In total, there were 1 124 561 infants in the Finnish development dataset, 130 352 infants in the Finnish hold-out validation dataset, and 1 459 472 infants in the Swedish dataset. In addition to known predictors such as severe congenital heart defects (adjusted odds ratio 2·89, 95% CI 2·28-3·65), we confirmed some less established predictors for RSV hospital admission, most notably oesophageal malformations (3·11, 1·86-5·19) and lower complexity congenital heart defects (1·43, 1·25-1·63). The prediction model's C-statistic was 0·766 (95% CI 0·742-0·789) in Finnish data and 0·737 (0·710-0·762) in Swedish validation data. The infants in the highest decile of predicted RSV hospital admission probability had 4·5 times higher observed risk compared with others. Calibration varied according to epidemic intensity. The model's performance was similar to a machine learning (XGboost) model using all 1511 candidate predictors (C-statistic in Finland 0·771, 95% CI 0·754-0·788). The prediction model showed clinical utility in decision curve analysis and in hypothetical number needed to treat calculations for immunisation, and its C-statistic was similar across different strata of parental income.
The identified predictors and the prediction model can be used in guiding RSV immunoprophylaxis in infants, or as a basis for further immunoprophylaxis targeting tools.

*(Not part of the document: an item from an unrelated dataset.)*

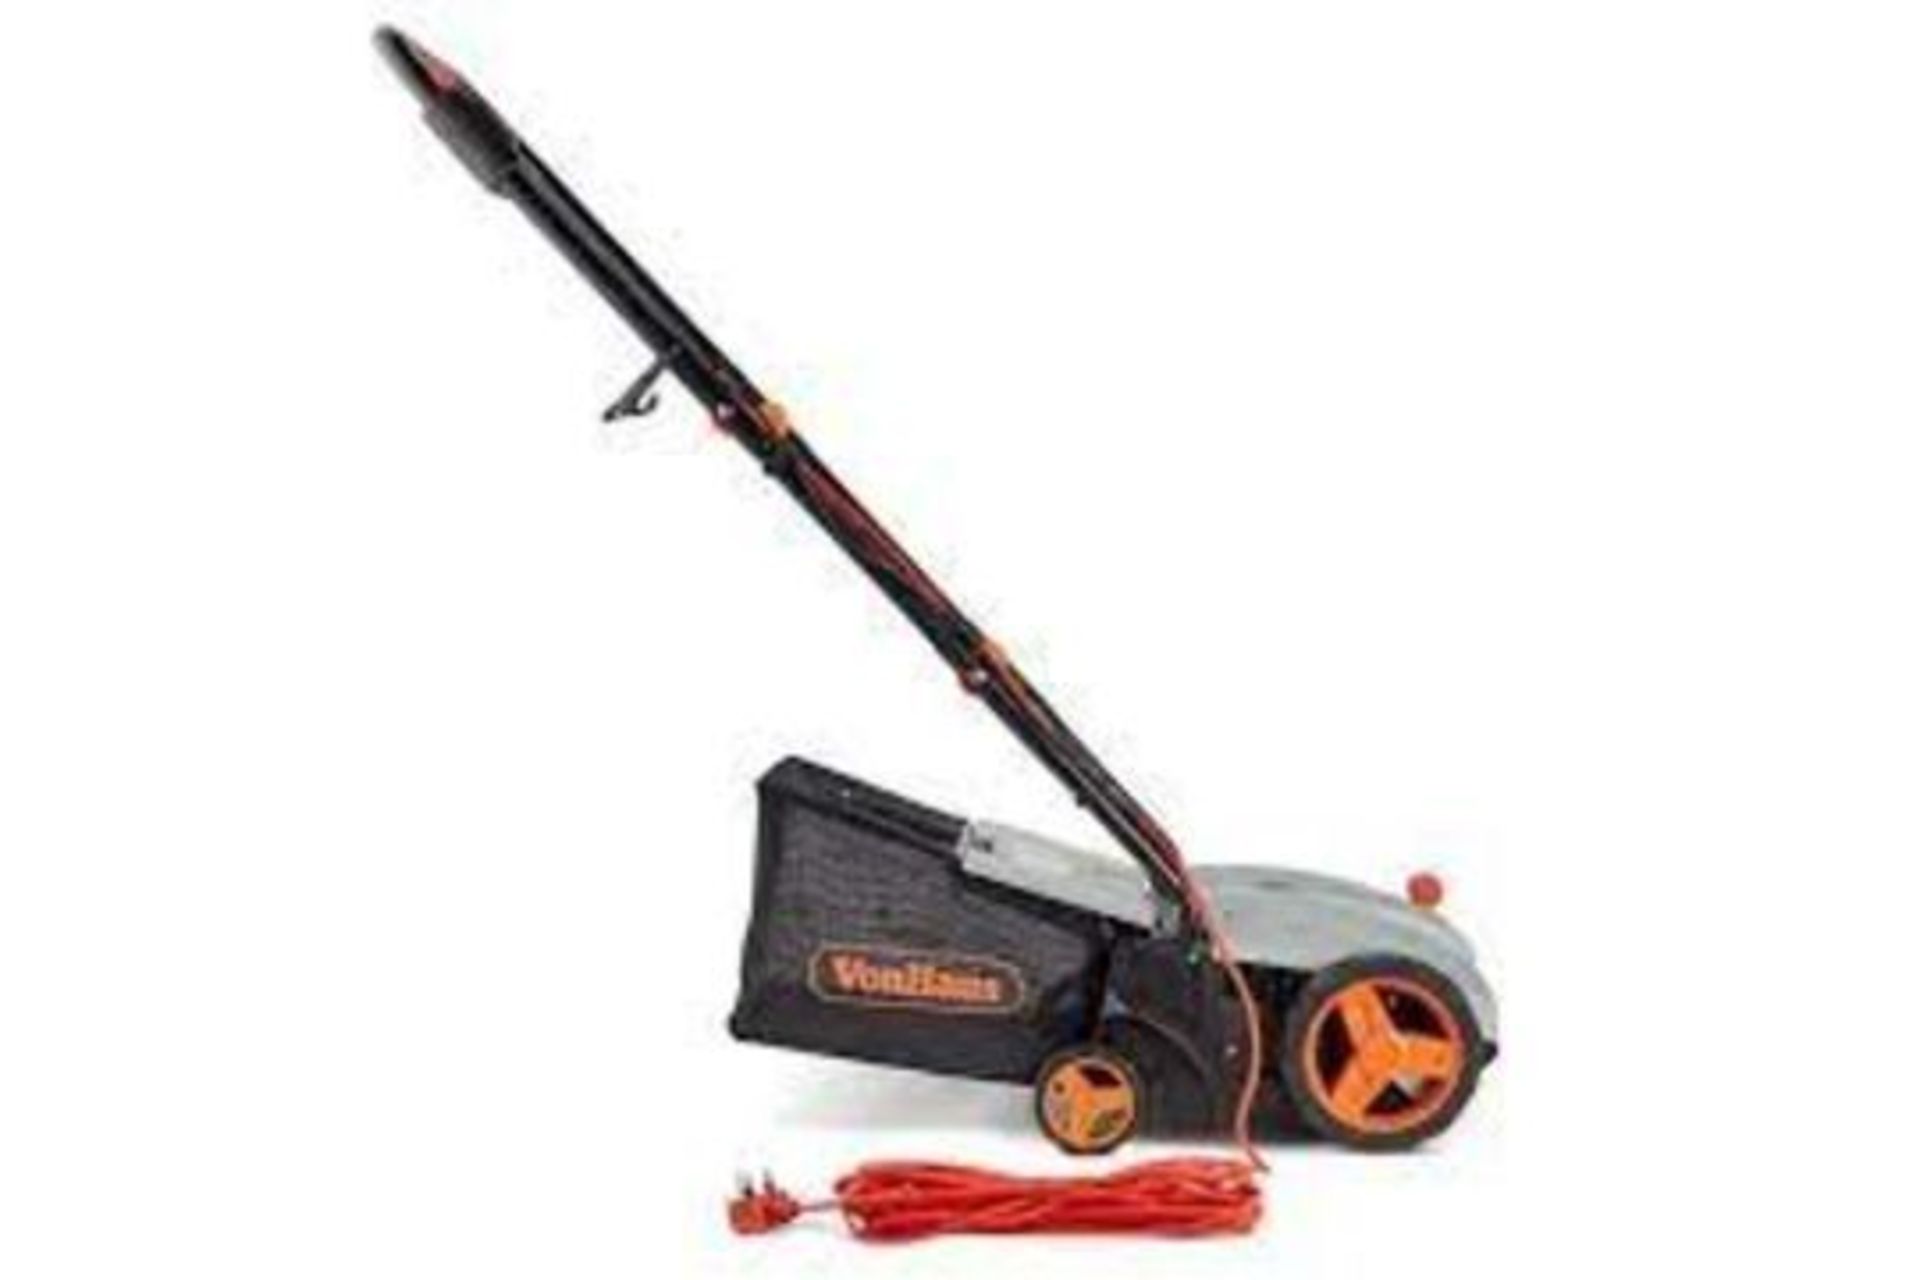 BRAND NEW 1300W LAWN MOSS RAKE This 1300W electric rake is the easy way to clear your lawn of

Sigrid Jusélius Foundation, European Research Council, Pediatric Research Foundation, and Academy of Finland.
针对呼吸道合胞病毒(RSV)的新型免疫方法正在出现,但针对 RSV 疾病严重程度的风险因素的了解还不足以针对这些因素进行最佳干预。我们的目的是从基于登记的资料中确定 RSV 住院的预测因素,并制定和验证一种临床预测模型,以指导年龄小于 1 岁的婴儿进行 RSV 免疫预防。
在这项模型开发和验证研究中,我们研究了芬兰所有于 1997 年 6 月 1 日至 2020 年 5 月 31 日期间出生的婴儿及其父母和兄弟姐妹的数据,以及瑞典所有于 2006 年 6 月 1 日至 2020 年 5 月 31 日期间出生的婴儿及其父母和兄弟姐妹的数据。如果婴儿在出生后 7 天内因 RSV 死亡或住院,将其排除在外。本研究的结局是婴儿在出生后的第一年因 RSV 细支气管炎而住院。芬兰研究人群被分为开发数据集(1997 年 6 月 1 日至 2017 年 5 月 31 日出生)和临时保留验证数据集(2017 年 6 月 1 日至 2020 年 5 月 31 日出生)。在候选预测因素筛选和建立逻辑回归模型中,我们从婴儿、父母和兄弟姐妹的数据中筛选了 1511 个候选预测因素,并使用 16 个最重要的预测因素建立了模型。然后,我们使用芬兰保留验证数据集和瑞典数据集对该模型进行了验证。
芬兰开发数据集共有 1124561 名婴儿,芬兰保留验证数据集有 130352 名婴儿,瑞典数据集有 1459472 名婴儿。除了严重先天性心脏缺陷(校正比值比 2.89,95%CI 2.28-3.65)等已知预测因素外,我们还确认了一些不太确定的 RSV 住院预测因素,最显著的是食管畸形(3.11,1.86-5.19)和较不复杂的先天性心脏缺陷(1.43,1.25-1.63)。该预测模型在芬兰数据中的 C 统计量为 0.766(95%CI 0.742-0.789),在瑞典验证数据中的 C 统计量为 0.737(0.710-0.762)。在预测 RSV 住院概率最高的十分位数中的婴儿,其观察到的风险比其他人高 4.5 倍。根据流行强度,校准情况有所不同。该模型的性能与使用所有 1511 个候选预测因素的机器学习(XGboost)模型相似(芬兰的 C 统计量为 0.771,95%CI 0.754-0.788)。预测模型在决策曲线分析和免疫接种的假设需要治疗人数计算中具有临床实用性,其 C 统计量在不同父母收入阶层中相似。
所确定的预测因素和预测模型可用于指导婴儿的 RSV 免疫预防,或作为进一步免疫预防靶向工具的基础。
西吉莉亚基金会、欧洲研究理事会、儿科研究基金会和芬兰科学院。